Part of this is due to the one car city living sort of thing, and part of it is because I think we like to spend the time together since we work so much.
Earlier this year, my husband and I both landed new jobs, and while looking, we both decided that traveling was out, unless the traveling was just for a day trip.
So when he mentioned he had a conference he needed to go to (in a sunny, warm, southern locale, mind you), I was a little disappointed, and just a tad freaked out.
How am I going to take care of a 10 month old alone for almost three days???? What is he going to do in the evenings? Have fun without me? Is he going to miss me?
Then I realized how stupid that all was.
- Of course I can take care of a 10 month old. He’s my son! Heck, I flew with him alone to see my family for a few days a few months ago. Won’t this be infinitely easier than flying with him?
- Who cares what he does in the evenings after his conference. I imagined him going to a restaurant bar watching baseball and doing all sorts of fun grownupy type things that we don’t get to do much together anymore with a ten month old. You know, like watch baseball and have a drink. Instead, he brought his laptop to do his homework assignments for some courses he’s taking and asked me if I could find time in the evenings to Skype with him so he can see me and the little guy.
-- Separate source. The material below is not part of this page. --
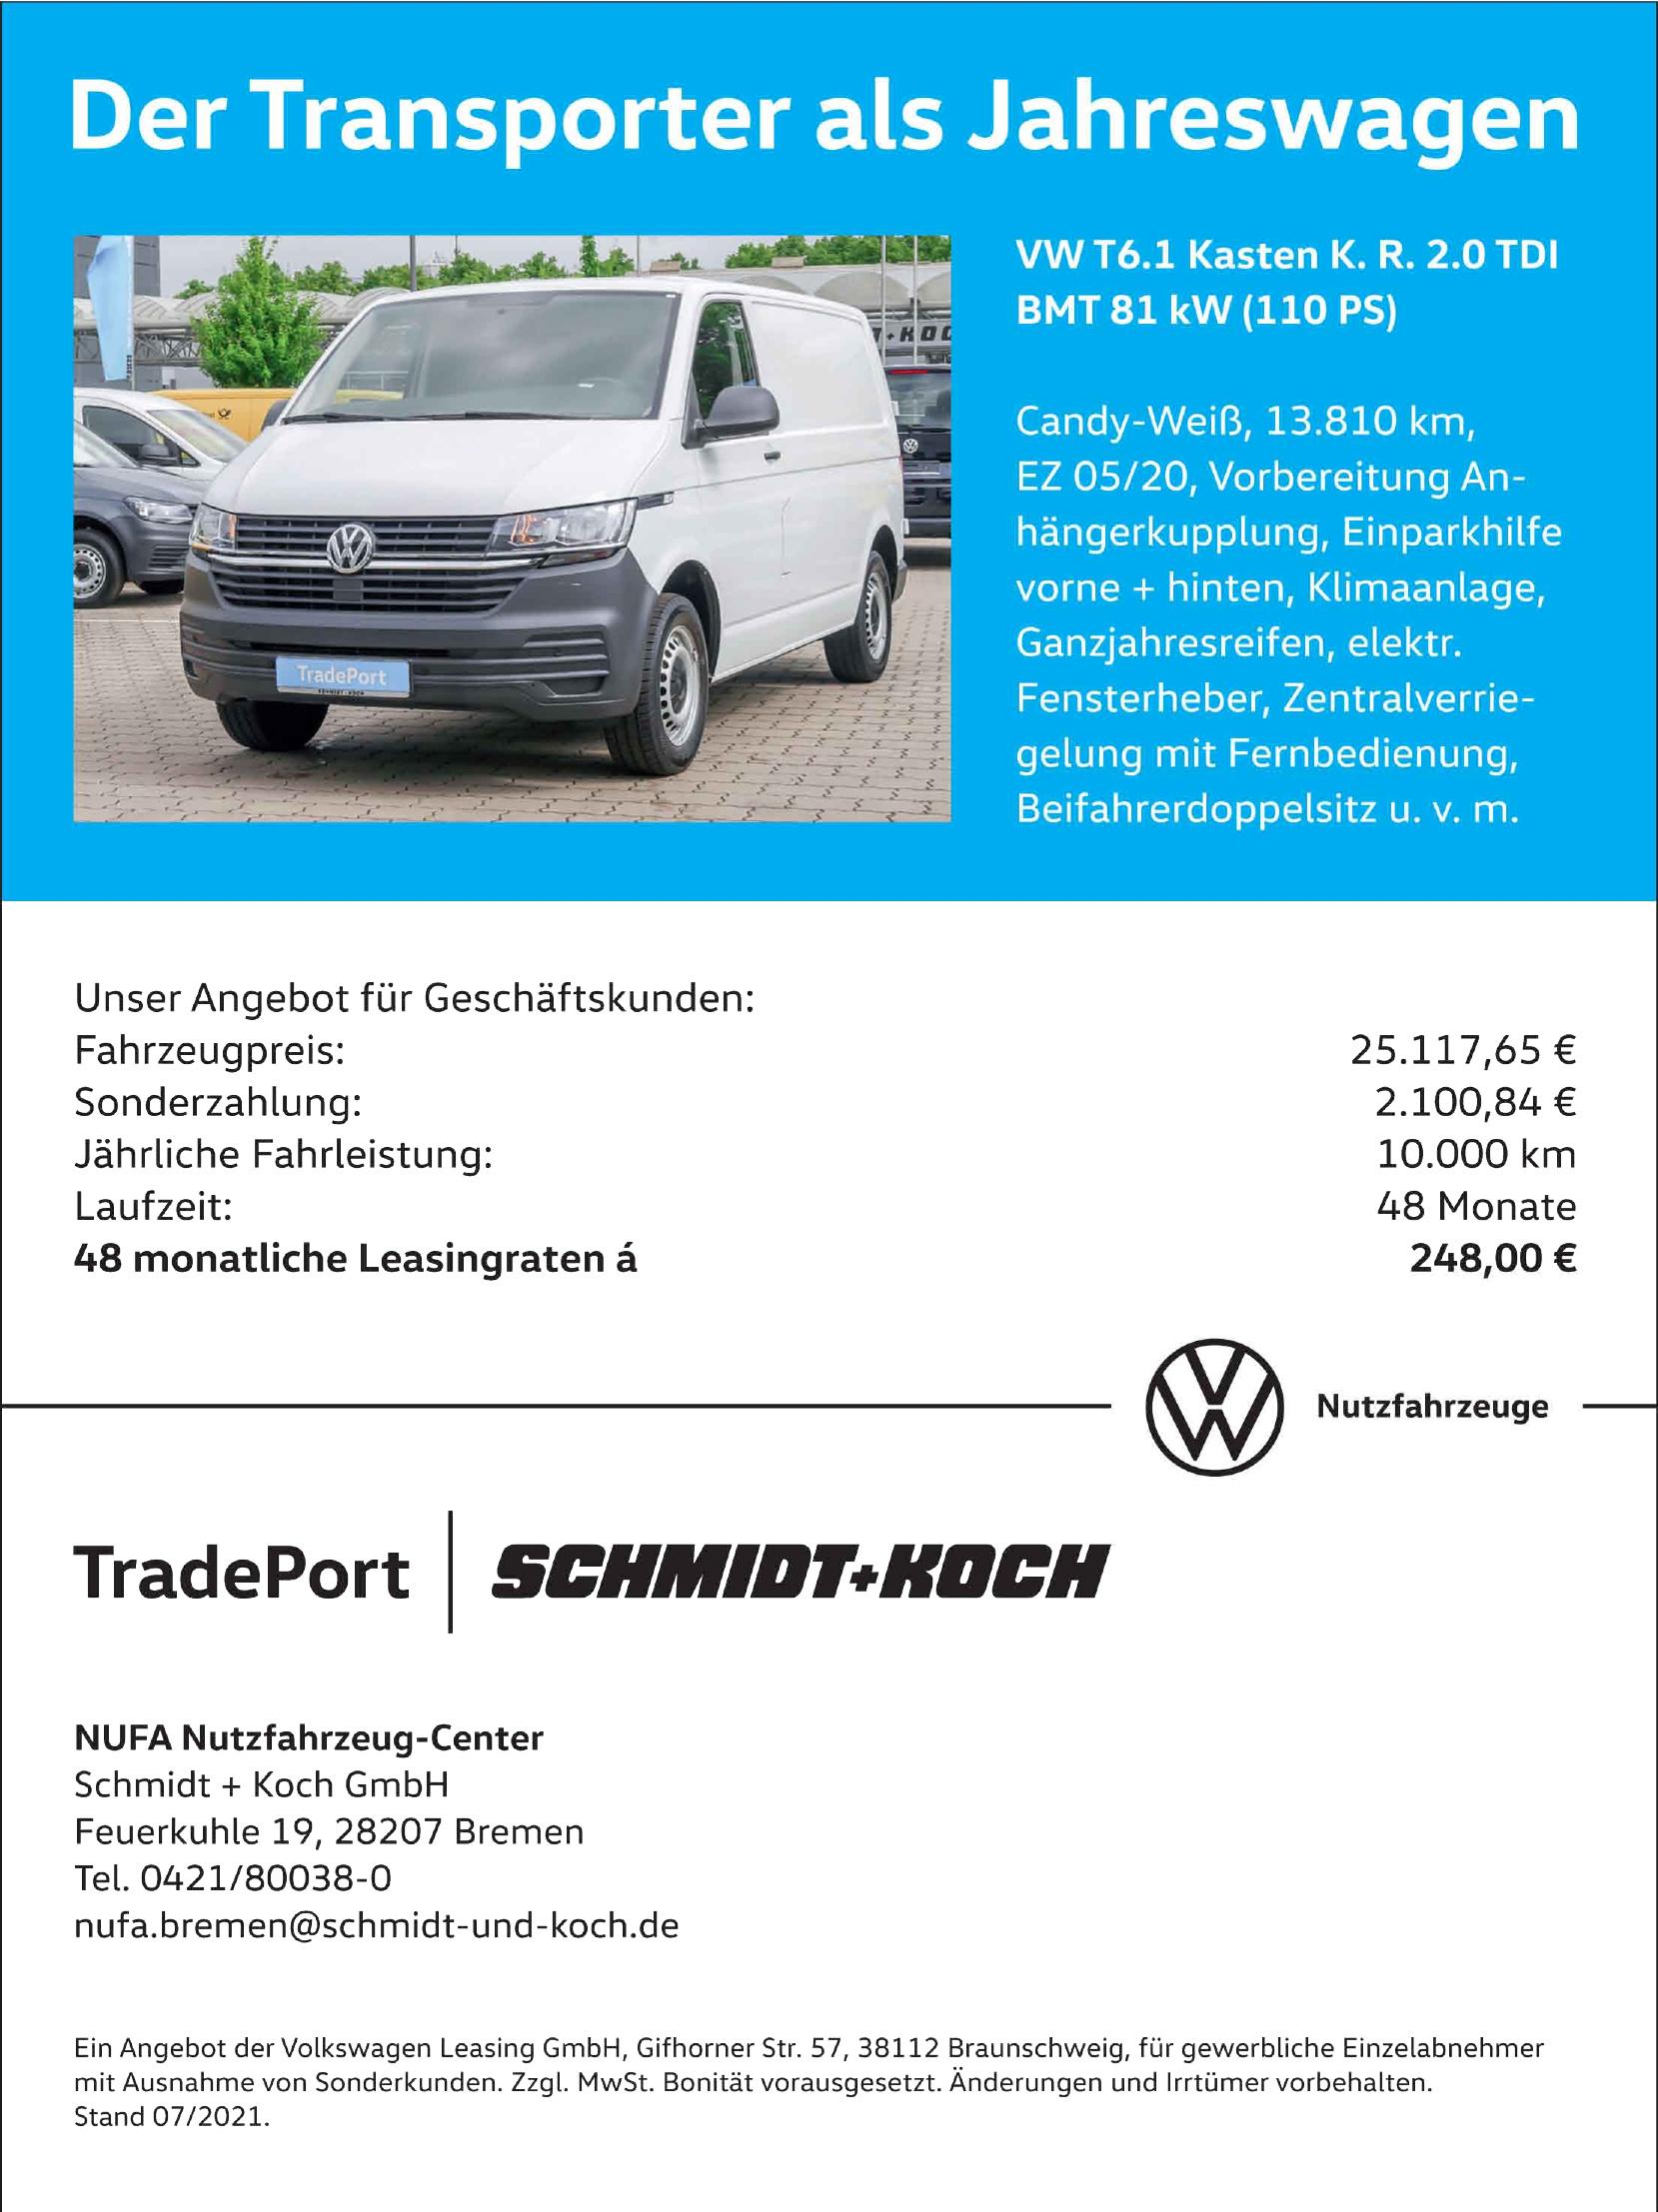 NUFA Nutzfahrzeug-Center Schmidt + Koch GmbH

Okay, he’s awesome, and of course I know I have nothing to worry about, but I’m going to miss him!
Now I just need to figure out MY routine. I’m used to taking the subway home and starting dinner and meeting them. I have the car today (it felt VERY weird driving. I haven’t done it in weeks!!) I need to get he kiddo after work, feed him, feed me, give him a bath, oh, and manage to sleep a little. The little guy has decided to start getting up during the night again.
Do any of you have husbands who travel? How do you deal with it? Or is it just sort of routine? I feel out of sorts!
I’m thinking about trying to get the little guy a babysitter Friday night so I can go meet the husband at the airport! That would be so great!